American Latter Day Saint movement sect leader

Charles Blancher Thompson (January 27, 1814 – February 27, 1895) was an American leader of a schismatic sect in the Latter Day Saint movement from 1848 to 1858. He claimed the title Baneemy and his followers were known as "Baneemyites".

Thompson was born in Niskayuna, New York, to a Quaker family. Thompson converted to Mormonism in 1835. He became an elder in the church and was faithful to the church leadership until the death of founder Joseph Smith, Jr. In 1841, Thompson published Evidence in Proof of the Book of Mormon in Batavia, New York.

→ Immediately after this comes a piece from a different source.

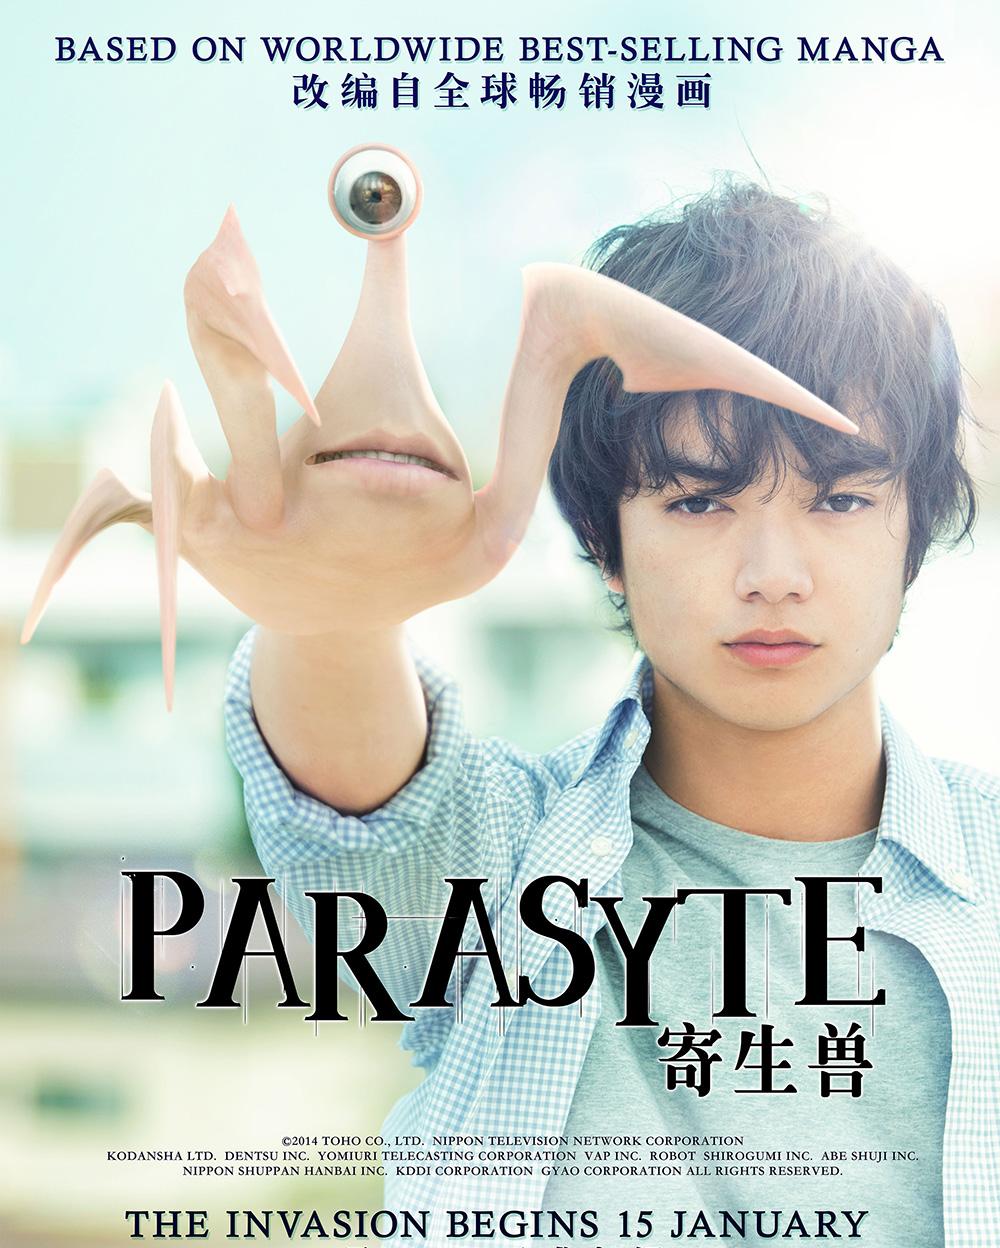 parasyte-poster-otaku-house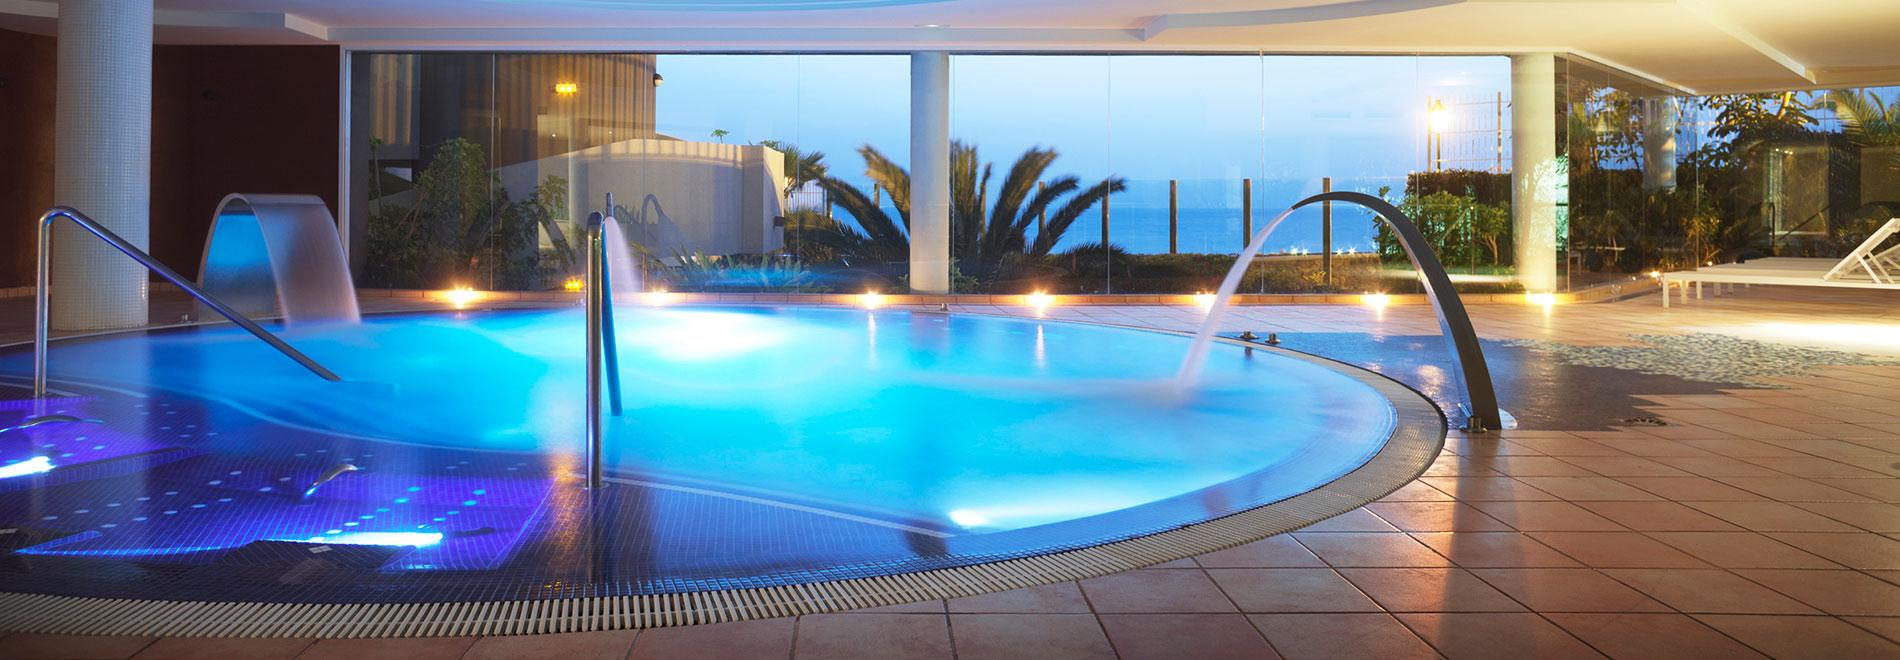 Angebote Adrian Hoteles Teneriffa Offizielle Website

Among the several aspirants to be Smith's successor, Thompson initially accepted James J. Strang as the rightful leader of the Latter Day Saints. However, in January 1848, Thompson broke with Strang after Thompson reported to having received a revelation from God while he was living in St. Louis, Missouri. Thompson began to claim that he was the reincarnation of the biblical Ephraim and that he was to be known as "Baneemy, patriarch of Zion". Thompson claimed that a revelation received by Joseph Smith on June 22, 1834, referred to him:

And I will soften the hearts of the people, as I did the heart of Pharaoh, from time to time, until my servant Baurak Ale, and Baneemy, whom I have appointed, shall have time to gather up the strength of my house ...

Thompson self-published a tract entitled The Voice of Him!! That Crieth in the Wilderness, Prepare Ye the Way of the Lord!!, and gathered fifty to sixty followers around him whom he instructed in his "School of Preparation". Thompson named his church the Congregation of Jehovah’s Presbytery of Zion, and his followers were often called Baneemyites because of Thompson's claim to the title. The group was also referred to as the Conjespresites.

In September 1853, Thompson moved his followers to Monona County, Iowa, north of Council Bluffs, where they established a communitarian commune called Preparation. Thompson enforced strict rules of behavior among his followers and published a variety of periodicals while in St. Louis and in Iowa, including Zion’s Harbinger and Baneemy’s Organ, Preparation News and Ephraim's Messenger. In 1858, Thompson published a 208-page tract entitled Law and Covenants of Israel; Written to Ephraim from Jehovah, the Mighty God of Jacob: Ephraim and Baneemy’s Proclamation.

In October 1858, Thompson's followers "ran him out of town". The property owned by the commune was the subject of a lengthy court battle which was not resolved by the Iowa Supreme Court until 1867. Thompson ultimately moved to Philadelphia, Pennsylvania, where in 1892 a city directory listed him as "Reverend Charles B. Thompson". He died in Philadelphia in 1895. The 344 acre Preparation Canyon State Park in Iowa now occupies the space where Thompson's commune of Preparation once was.